E por consequência, temos moribundos ocupando preciosos leitos de UTI, perda de potenciais doadores de órgãos, entre outras consequências menos nobres ainda.
E temos também, mesmo entre alguns profissionais de saúde, dificuldades na aceitação e principalmente no gerenciamento da terminalidade.
Somente quando a sociedade, os médicos, os legisladores sentarem para discutir amplamente este assunto polêmico e palpitante, poderemos ver algumas consequências positivas.
Esse assunto é daqueles... uma pedreira pra quebrar. Mas, tem de ser pautado pela área da saúde. Aliás, médico não entende, nem quer entender nada de morte. De um modo geral, o médico não discute a morte e o morrer na sua formação.
Vale um post dos médicos, não é? Por que não discutir a morte sob a perspectiva daqueles que a encaram no seu dia-a-dia?
Vou tentar elaborar um outro, FRJ. Mas já falei sobre ortotanásia em posts de outubro de 2006, na época em que o CFM aprovava resolução sobre o assunto, que a Justiça acabou por obstar, não sei em que nível, recentemente.
Dei até entrevista ao jornal do CRM local, opinando sobre este assunto de muito interesse aos intensivistas.
Mas é como Oliver diz: uma pedreira daquelas.
Há muitas concepções equivocadas em vários setores da sociedade (incluídos os da área da saúde) a serem digamos, debulhados, de maneira a avançar no assunto legal.
Há países que já resolveram esta questão.
Vi o filme Francisco, e concordo em grande parte com o que escreveste com exceção da parte em que falas da mãe que deixa o filho partir pq acha que assim o deixaria feliz. Ao contrário, entendo que em uma atitude extremada de egoísmo e desespero ela o prefere morto. Não reconhece mais no retornado o ente querido e sofre com o presença *ausente*.
Tu escreves lindamente ;-)
Só por isso vale o filme, que assistiria se aí estivesse. Confronta a memória "congelada" da mãe com uma realidade que para ela é impossível e, portanto, intolerável. É o confronto do mito materno com a natureza substancial da vida. A morte fica noutro plano, quase incomunicável, quando tratamos de valores cristãos.
Anônimo(a) das 23:16hs, pode ser que tua interpretação esteja correta. Mas não concordo que haja egoísmo no sentimento da mãe. Afinal, a segunda perda também é dolorosa - talvez até mais que a primeira - e alguém agindo por egoísmo não iria querer sentir algo parecido. Vejo egoísmo, ainda que não deliberado, nas atitudes do pai, que queria manter a qualquer custo o filho sob seu julgo e proteção.

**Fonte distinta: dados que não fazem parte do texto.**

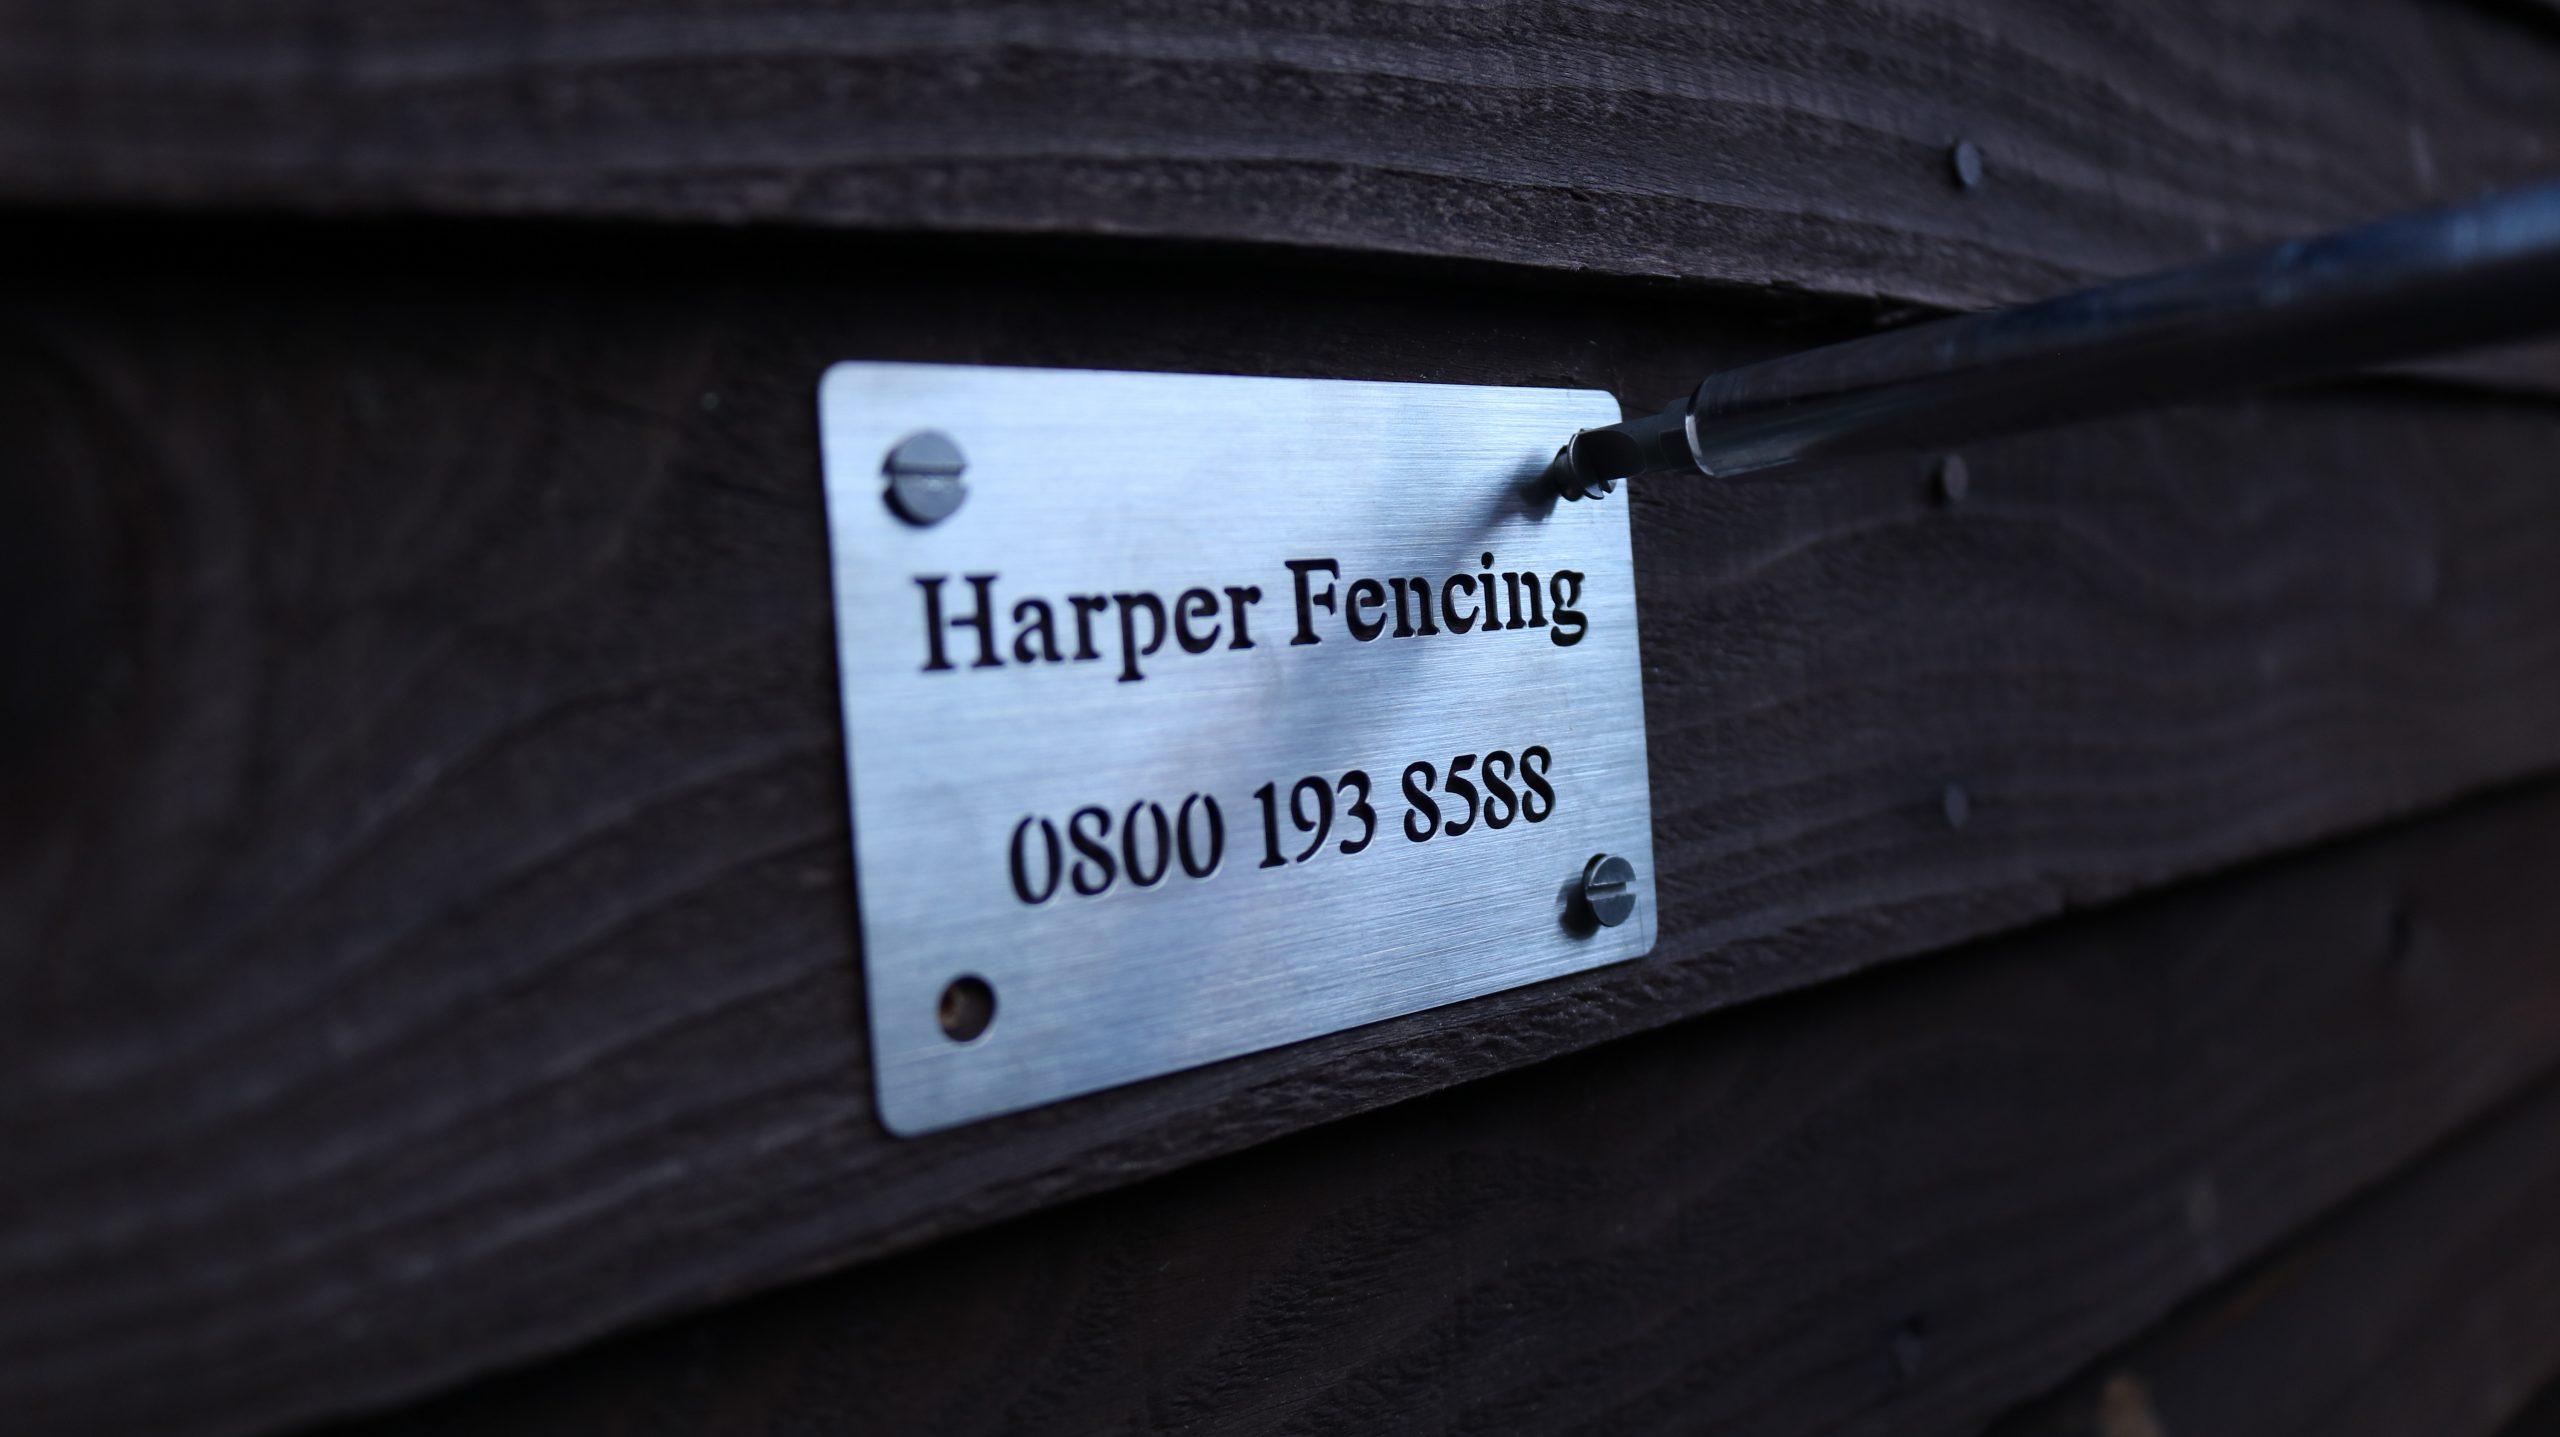 Harper Fencing - Metal Business Card

Obrigado pelo elogio... mas acho que nesta tu entregaste tua identidade... ;-)
É verdade.
Discordo novamente, Francisco...mas isso a gente deixa pra discutir em casa ;-))
Ate tu, Oliver?
Ok, anônima identificada. Discutirei com o maior prazer.
Bj.
Pois é, anônima. Aqui nos estamos com a macaca (risos)! Apareça sempre.